Monographs Details:
Authority:

Britton, Nathaniel L. Flora Borinqueña.
Family:

Malvaceae
Scientific Name:

Urena lobata L.
Description:

Species Description - Attractive when in bloom by large, rose-tinted flowers, this tall, shrubby weed is frequent in fields and waste and cultivated grounds, at lower and middle altitudes in Porto Rico, as also on Vieques and Culebra. It is distributed nearly throughout the West Indies, except the Bahama Islands, and widely, in continental tropical America, in Florida and in the tropical parts of the Old World. The plant is, probably, native of Asia, long ago naturalized in America; Linnaeus, decribing it botanically in 1753, records it as Chinese. Urena (Malabar name) consists of only a few species, tropical and subtropical in distribution, regarded by some botanists as races or varieties of a single species, because the differences between them are chiefly in their leaves, their flowers and fruits being much alike. They are hairy, or velvety shrubs, with soft wood, alternate, stalked, variously toothed, lobed or cleft leaves, and large, rose to purple, chiefly axillary and solitary flowers, the inner bark fibrous.

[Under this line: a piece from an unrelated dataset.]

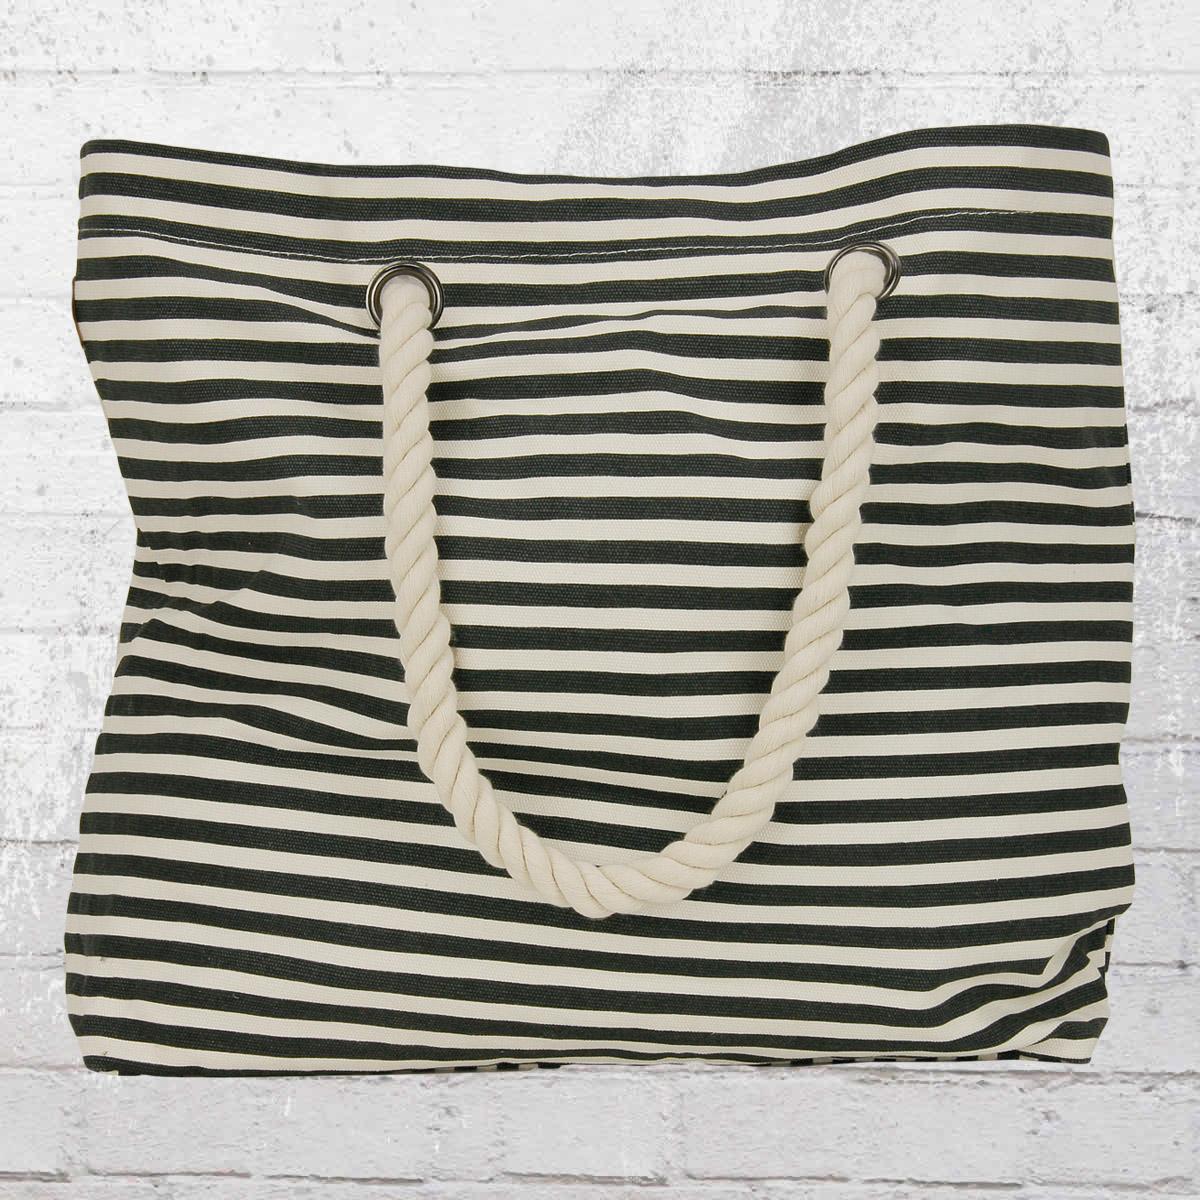 jetzt bestellen billabong damen strand tasche essential bag stripes schwarz weiss krasse. Black Bedroom Furniture Sets. Home Design Ideas

The leaves are palmately veined, the mid-vein and sometimes 2 of the lateral veins bearing a characteristic, oblong gland on the under-side near the base. The involucre of the flower is bell-shaped and 5-cleft, the calyx deeply 5-cleft. The petals are wedge-shaped at the base; the stamens are united into a tube about as long as the petals; the 5-celled, tubercled ovary contains 1 ovule in each cell, the style is 10-cleft, the stigmas discoid. The 5-carpellary fruit is armed with barbed bristles. Urena lobata (lobed leaves) may reach 2 meters in height, but is usually lower. The branches are stella-hairy; the nearly orbicular, angulate-lobed and toothed, lower leaves are from 2 to 12 centimeters long, the upper side dark green, the under side whitish-velvety; the uppermost leaves are often narrower than the lower ones, ovate to oblong. The short-stalked flowers have the involucre and the calyx from 5 to 9 millimeters long, the petals from 12 to 15 millimeters long. The velvety, depressed, barbed fruit is about as long as the calyx. Our illustration was first published in "Addisonia," plate 330, June, 1925. Two other species of Urena occur in Porto Rico.

Discussion:

Cadillo Urena Mallow Family Urena lobata Linnaeus, Species Plantarum 682. 1753.